The terms of this article raised a number of questions of interpretation, particularly with respect to the scope of the word “concession” and the phrase “public utilities undertaking”. The Reparation Commission entered into an agreement with the German Government to submit this and other questions raised in applying the article to the arbitration of Frederik Beichmann, president of the Court of Appeal, Trondhjem, Norway. The award of September 3, 1924 was accepted by the Reparation Commission which on June 31, 1925 concluded with Germany a protocol for the application of article 260.
The award of September 3, 1924 gave careful definitions of the terms:
“Public utility undertaking” comprises railroads of general and local interest, including tramways, and canals if they are subject to use by the general public, enterprises for the distribution of water, gas or electric current if they supply an area not too limited, or the general public; and does not comprise mining enterprises, such as those for coal, iron or copper, and those for extraction of petroleum or analogous substances, and the private schools in the Near East.
“Concession” embraces grants (octrois) of the right of exploiting mines or deposits … on condition that, according to the legislation of the country, the grant has been made by the state, or by an authority which is dependent upon a special act, and in virtue of a power discretionary in principle.
The award distinguished between enterprises which include exploitations independent of the concession and are not public utilities, these elements being separable or inseparable. Both words comprise movable and immovable property.
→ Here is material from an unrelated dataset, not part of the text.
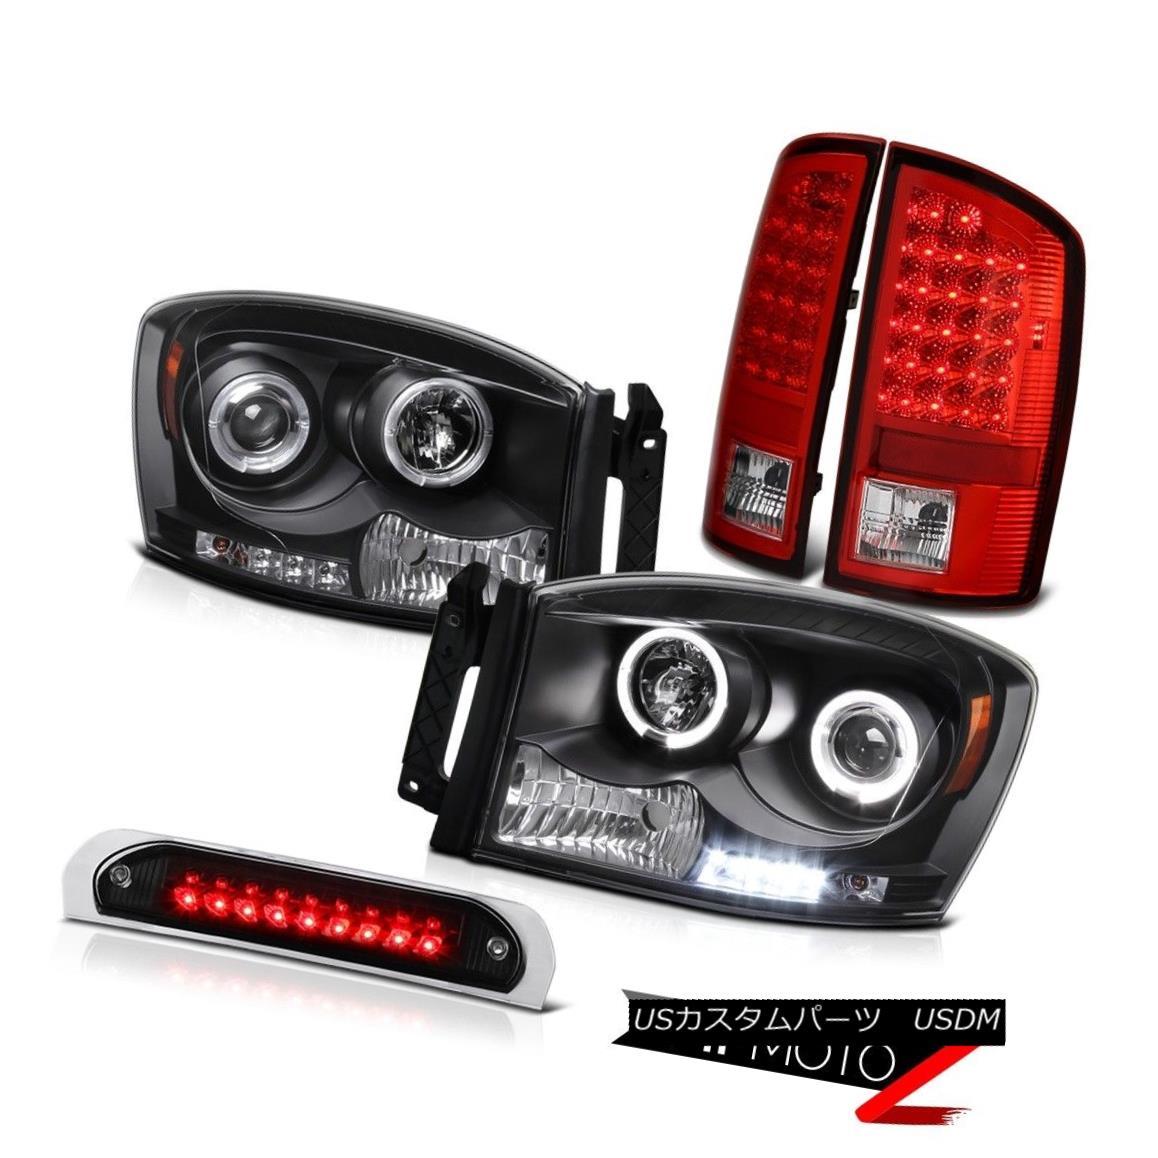 テールライト LED Dual Halo Headlights Wine Red Tail Lights 3rd Brake Roof Cargo 2006 Ram 1500 LEDデュアルヘイローヘッドライトワインレッドテールライト第3ブレーキルーフカーゴ2006ラム1500

Certain Austrian, Hungarian, Russian, Turkish, and Polish securities were sold by the commission and the proceeds included in the annuities of the Experts’ (Dawes) Plan. A list of Danzig, Austrian, Hungarian, Russian, and Slesvig securities, held by the Reparation Commission, was returned to Germany. A further agreement of September 16, 1926 restored to Germany small amounts of company shares and other securities in ruble values and various contracts and concessions relating to African and Pacific areas in application of article 123.
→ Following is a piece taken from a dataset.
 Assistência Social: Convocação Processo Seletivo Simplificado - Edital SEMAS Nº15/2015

The list of securities transferred by Germany is given in Report on the Work of the Reparation Commission from 1920 to 1922, p. 191. Altogether 9,281,133 gold marks was realized on securities under this article.
The provisions of the article, the Reparation Commission decided, were applicable only to rights and interests situated in ceded, reincorporated or mandated territory which the competent government did not liquidate under the provisions of article 297. Such liquidations gave rise to no credit on the reparation account.
Note to IX, 261
The claims of Germany against Austria, Bulgaria, and Hungary referred to in this article and the debts of Germany referred to in [Page 544]articles 213 of the Austrian treaty, 196 of the Hungarian treaty, and 145 of the Bulgarian treaty were “finally canceled” by annex II, 2 (ii), of the agreement of January 20, 1930.
Note to IX, 262
See part VIII, annex II, paragraph 12 (c).
Germany gives a guarantee to the Brazilian Government that all sums representing the sale of coffee belonging to the State of Sao Paolo in the ports of Hamburg, Bremen, Antwerp and Trieste, which were deposited with the Bank of Bleichröder at Berlin, shall be reimbursed together with interest at the rate or rates agreed upon. Germany, having prevented the transfer of the sums in question to the State of Sao Paolo at the proper time, guarantees also that the reimbursement shall be effected at the rate of exchange of the day of the deposit.
Germany gives a guarantee to the Brazilian Government that all sums representing the compulsory sale of coffee belonging to the State of Sao Paolo in the ports of Hamburg, Bremen, Antwerp and Trieste, which were deposited with the Bank of Bleichröder at Berlin, shall be reimbursed together with interest at 5 per cent. from the day of the deposit …
Note to IX, 263
The proceeds of the sale of São Paulo coffee, running from November 25, 1914 to November 30, 1920, amounted to £6,259,673 19s. 6d.